:: WORK ORDER ::
The listing below should be printed exactly, though its pictures must not be.

:: DATA SEGMENT ::
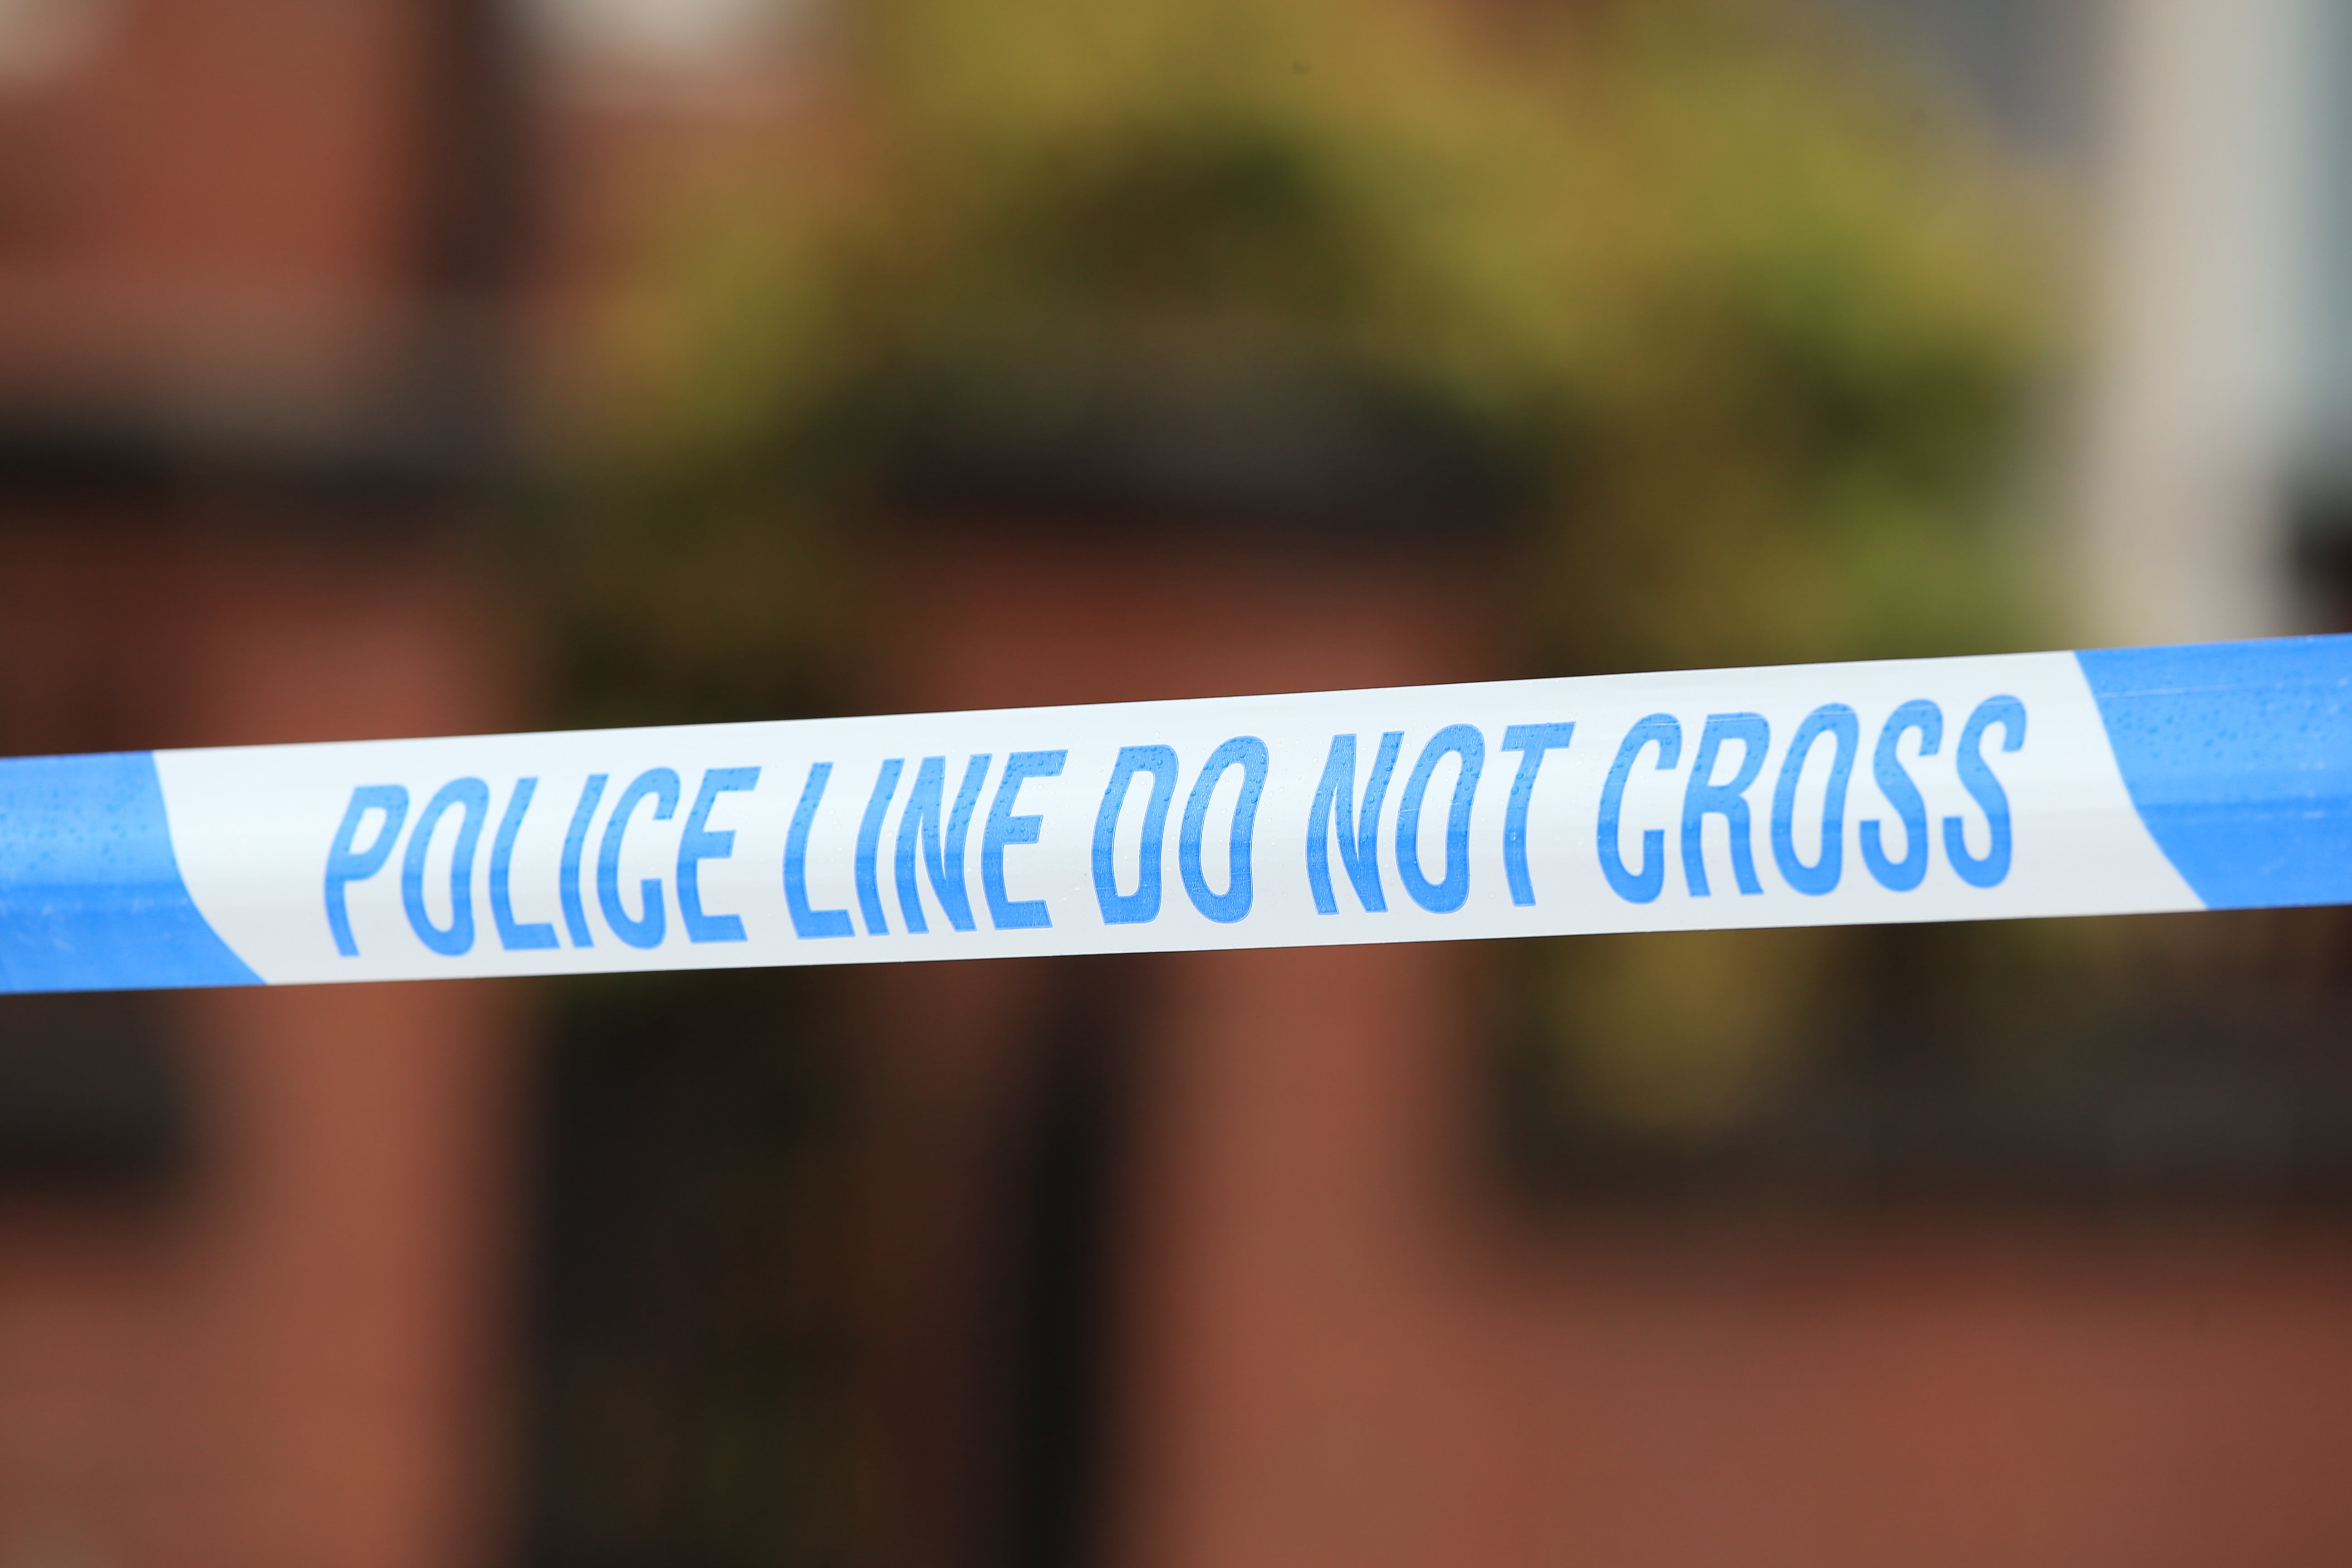 The murder inquiry was launched after an incident in Brooke Close on the evening of Thursday
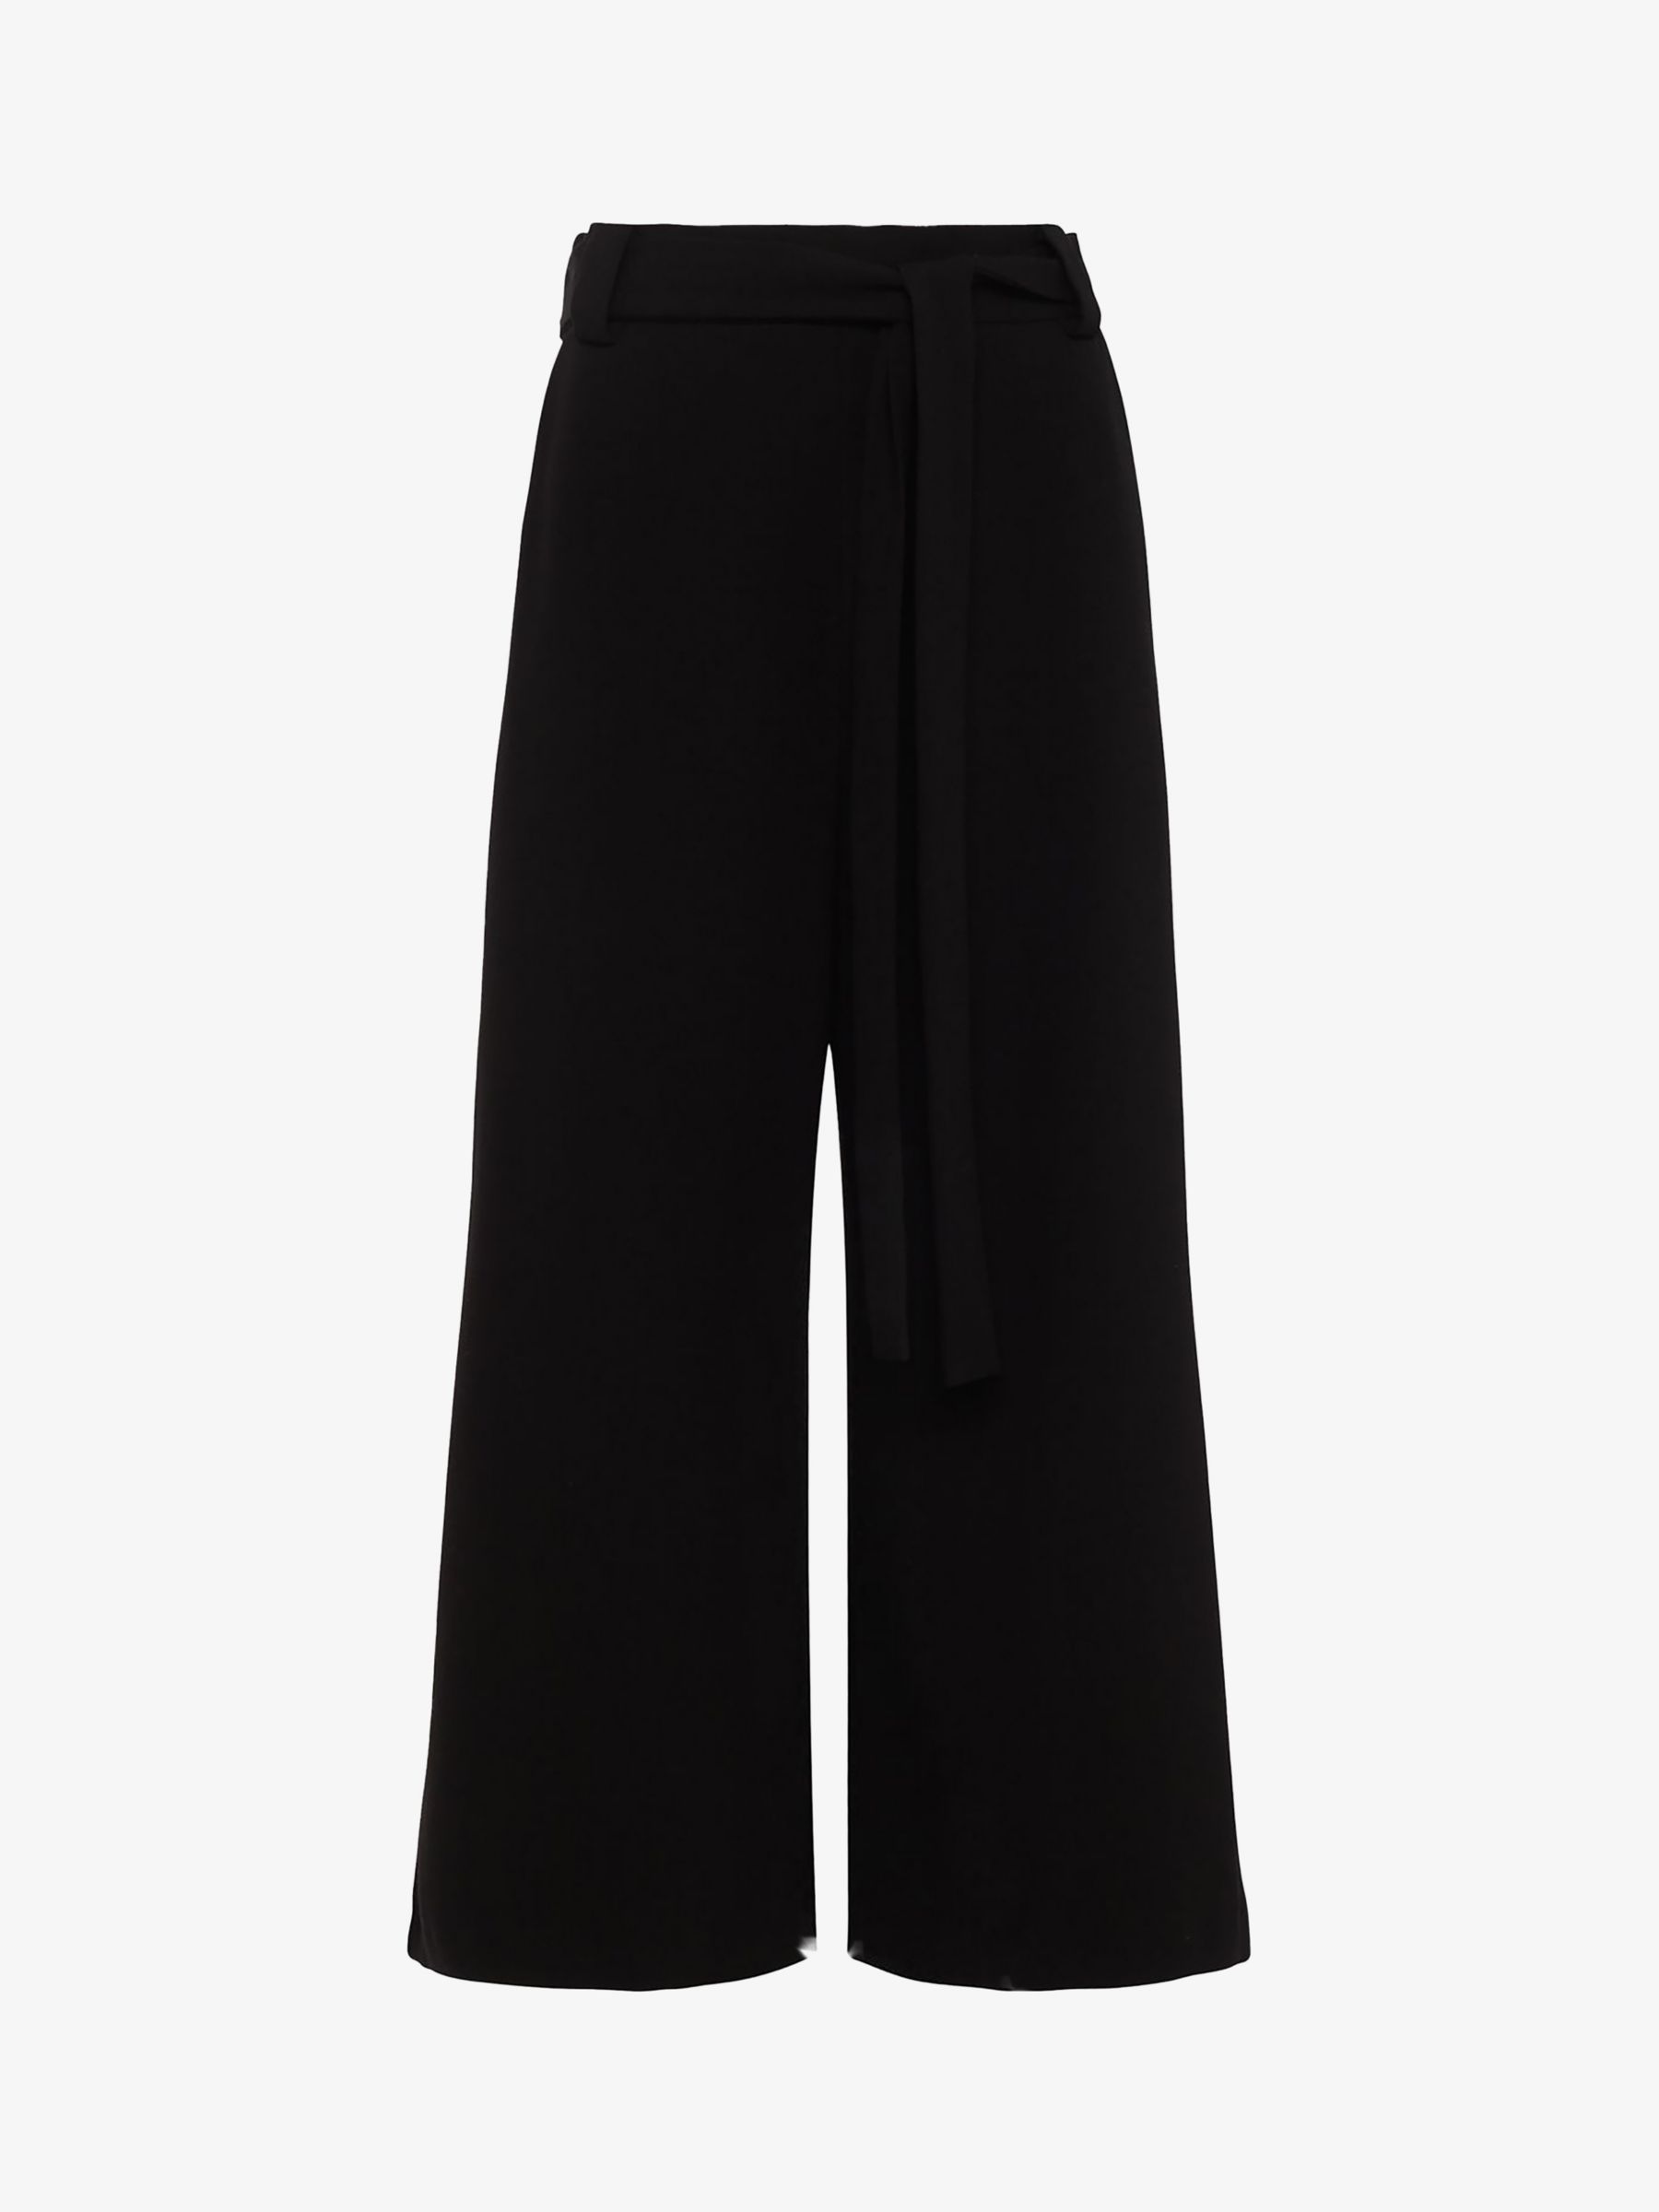 French Connection Whisper Belted Culottes, Black at John Lewis & Partners
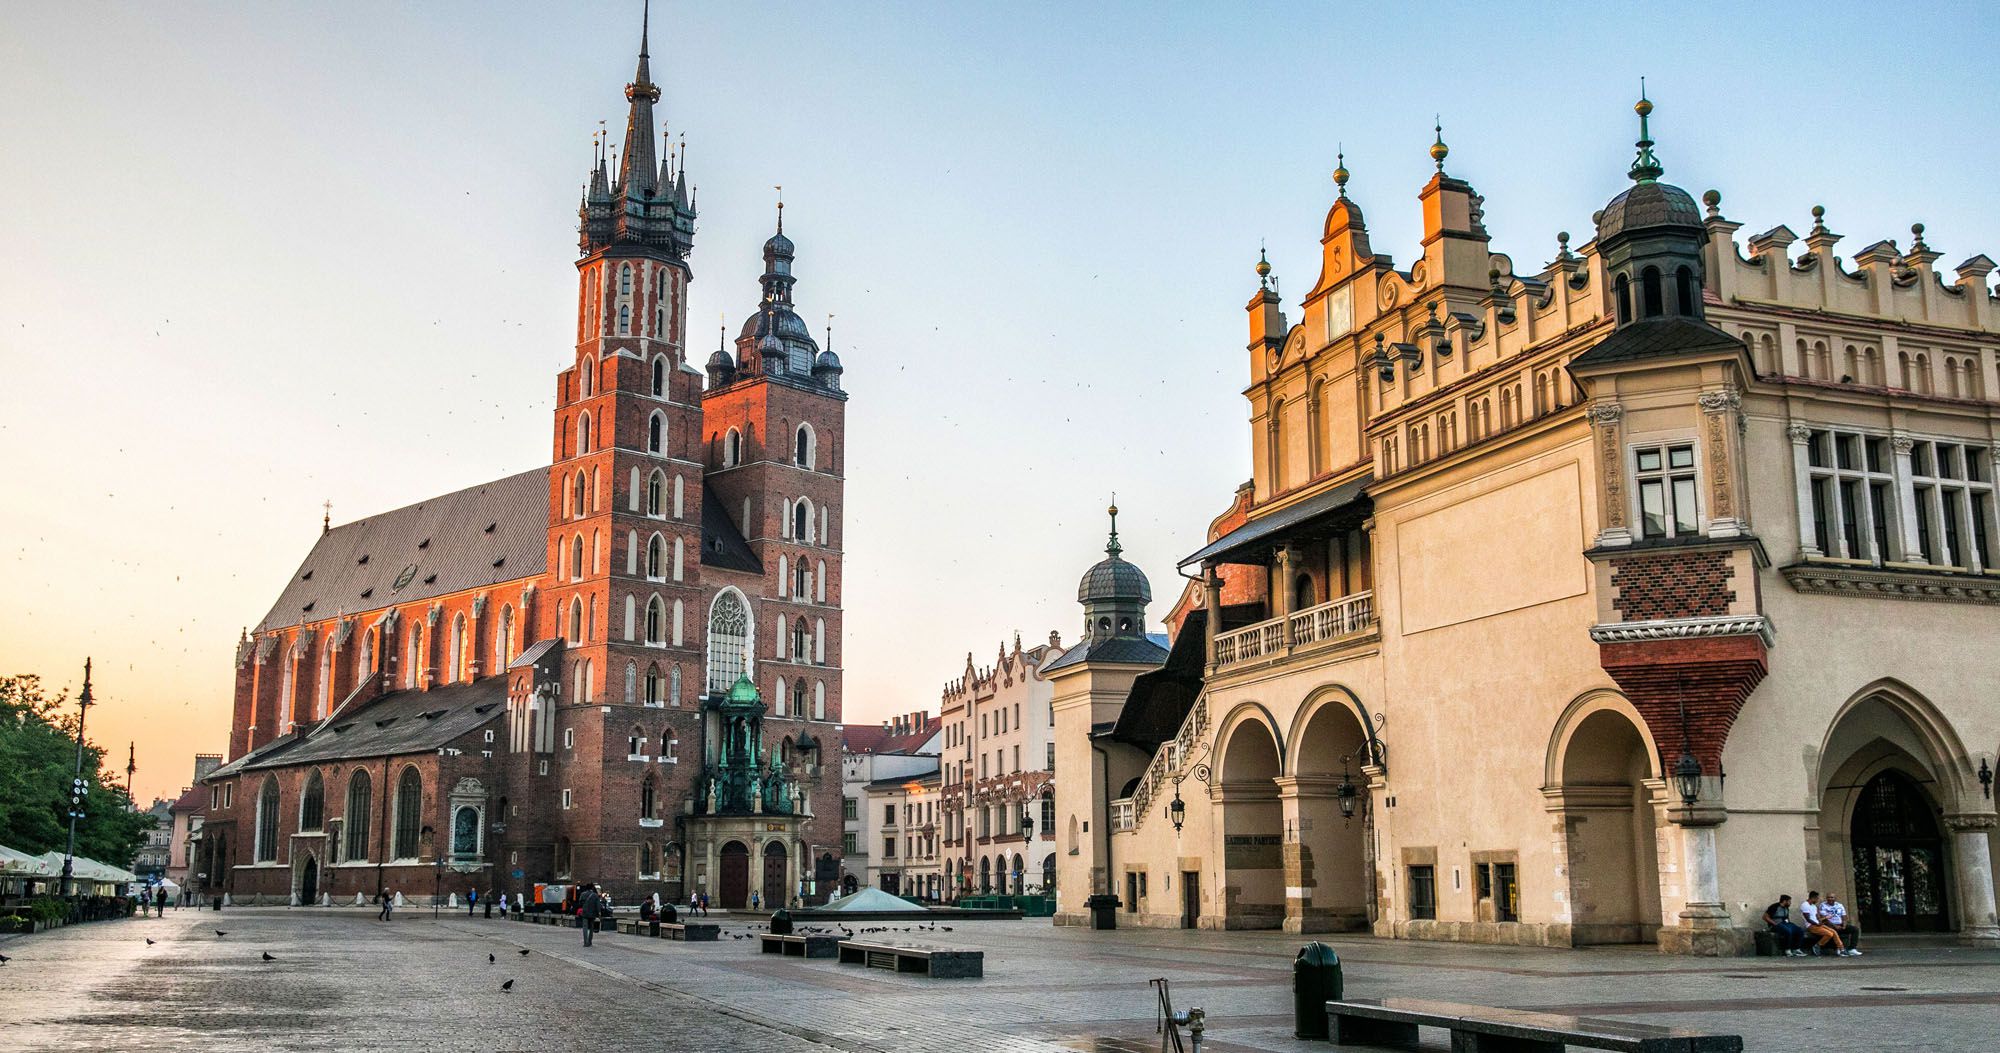 PolandTour Packages - Book honeymoon ,family,adventure tour packages to Poland|Travel Knits

:: RESULT FOR THIS TASK ::
 The murder inquiry was launched after an incident in Brooke Close on the evening of Thursday
 French Connection Whisper Belted Culottes, Black at John Lewis & Partners
 PolandTour Packages - Book honeymoon ,family,adventure tour packages to Poland|Travel Knits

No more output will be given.